Ardour is currently available in two distinct versions. The 2.x series is the stable public release track, but it lacks some of the features considered essential in a modern DAW. The soon-to-be-public 3.x series includes just about everything you can find in a DAW, including extensive MIDI support, the feature most notably missing in the 2.x releases. Of course Ardour synchronizes with external hardware and software by various means, including MTC (MIDI Time Code), MIDI Clock, and JACK. Open Sound Control (OSC) messaging is also supported, giving Ardour the opportunity to control or be controlled by other OSC-savvy programs.
Plugin support is extensive, though both the 2.x and 3.x lack support for the DSSI plugin API. Native Linux VST plugins are welcome, and it is possible to compile a version of Ardour that will host native Windows VST plugins. This capability is not unique to Ardour and, like any other Linux DAW with such support, its performance will vary according to initial conditions. Those conditions include the version of Wine used during the build, the conformance of the plugins to Windows programming standards, and the availability of required DLLs. Copy-protection schemes, especially hardware-based keys, are almost certain to block the use of the protected plugins.
Unfortunately none of the DAWs reviewed here include integrated video capabilities, but Robin Gareus and Luis Garrido are working to fill that gap with their Xjadeo project. Xjadeo is essentially a video display (shown in the Ardour screen shot above) that slaves to JACK or MTC, and all SMPTE framerates supported by Ardour are likewise supported by Xjadeo. It is not an editor, but it is incredibly useful, and I suspect that at some point in Ardour's development Xjadeo will be fully integrated into the DAW.
Ecasound
Developer Kai Vehmanen has developed his great ecasound DAW since 1995, the same year I began using Linux. Ecasound is a complete DAW with no GUI at all, a remarkable achievement in today's visually-dominated world of sound and music software. I must emphasize the "complete" aspect of ecasound—as far as I can tell it has every feature common to all DAWs, including MIDI and synchronization capabilities, and its command-line interface guarantees a unique position among its more colorful brethren.
Given its text-based UI, ecasound has some very appealing aspects to the recordist. Above all, the program is fast, and its happy lack of a dependency-laden GUI gives it an edge in the stability department. Ecasound can also be extensively and elaborately scripted—in essence you can define the program's available capabilities on a per-project basis. For example, I use a simple ecasound script when I want to record something very quickly and with high quality. Typically I'll then import my ecasound-recorded tracks into Ardour for detailing, arrangement, and the final mix. In truth, I could script ecasound to do all that too, but I like to keep everyone busy in my studio.

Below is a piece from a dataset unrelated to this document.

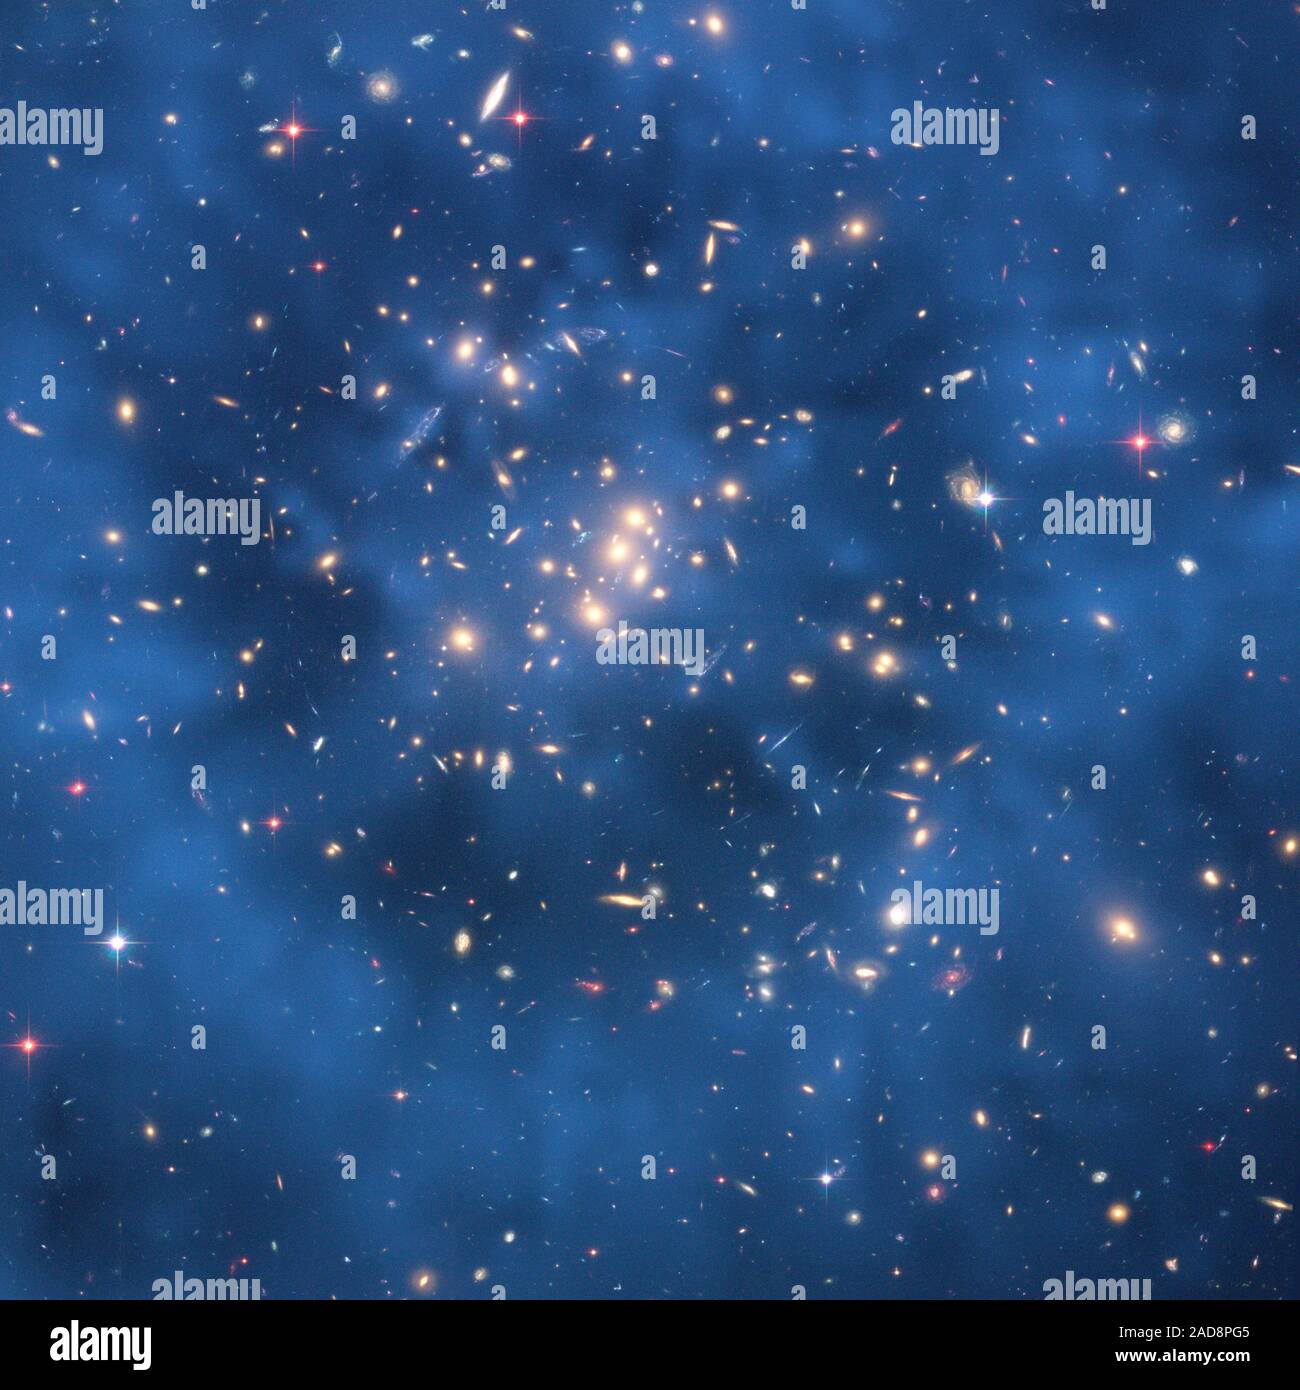 Questo telescopio spaziale Hubble immagine composita mostra uno spettrale 'Ring' di materia oscura in galaxy cluster Cl 0024+17. La struttura ad anello è evidente nella mappa blu del cluster di materia oscura la distribuzione. La mappa è sovrapposta ad una immagine di Hubble del cluster. L'anello è uno dei più forti dei pezzi di prova alla data per l'esistenza di materia oscura, una sostanza sconosciuta che pervade l'universo. La mappa è stata derivata da osservazioni di Hubble di come la gravità del cluster Cl 0024+17 distorce la luce di più distanti galassie, un'illusione ottica chiamato Lensing gravitazionale. Foto Stock

By the way, if you must have a GUI for ecasound take a look at Joel Roth's Nama or Luis Gasparotto's TkEca. Both programs provide GUIs for nearly complete control over ecasound's powers. And if you need to be convinced that ecasound can be used to make real music, check out the music of Julien Claassen.
Though its native UI is humble and unassuming, ecasound is awesomely powerful. I've used it for so long and for so many purposes I simply can't imagine my Linux audio life without it. In my opinion, the compleat Linux studio requires ecasound.
EnergyXT2
EnergyXT2—eXT2 to its users—is an inexpensive cross-platform, commercially available DAW designed chiefly by Joergen Aase. It is a complete DAW with the expected audio and MIDI record/edit/playback functions, though the demo version (shown at left) comes with restricted recording and file-saving capabilities.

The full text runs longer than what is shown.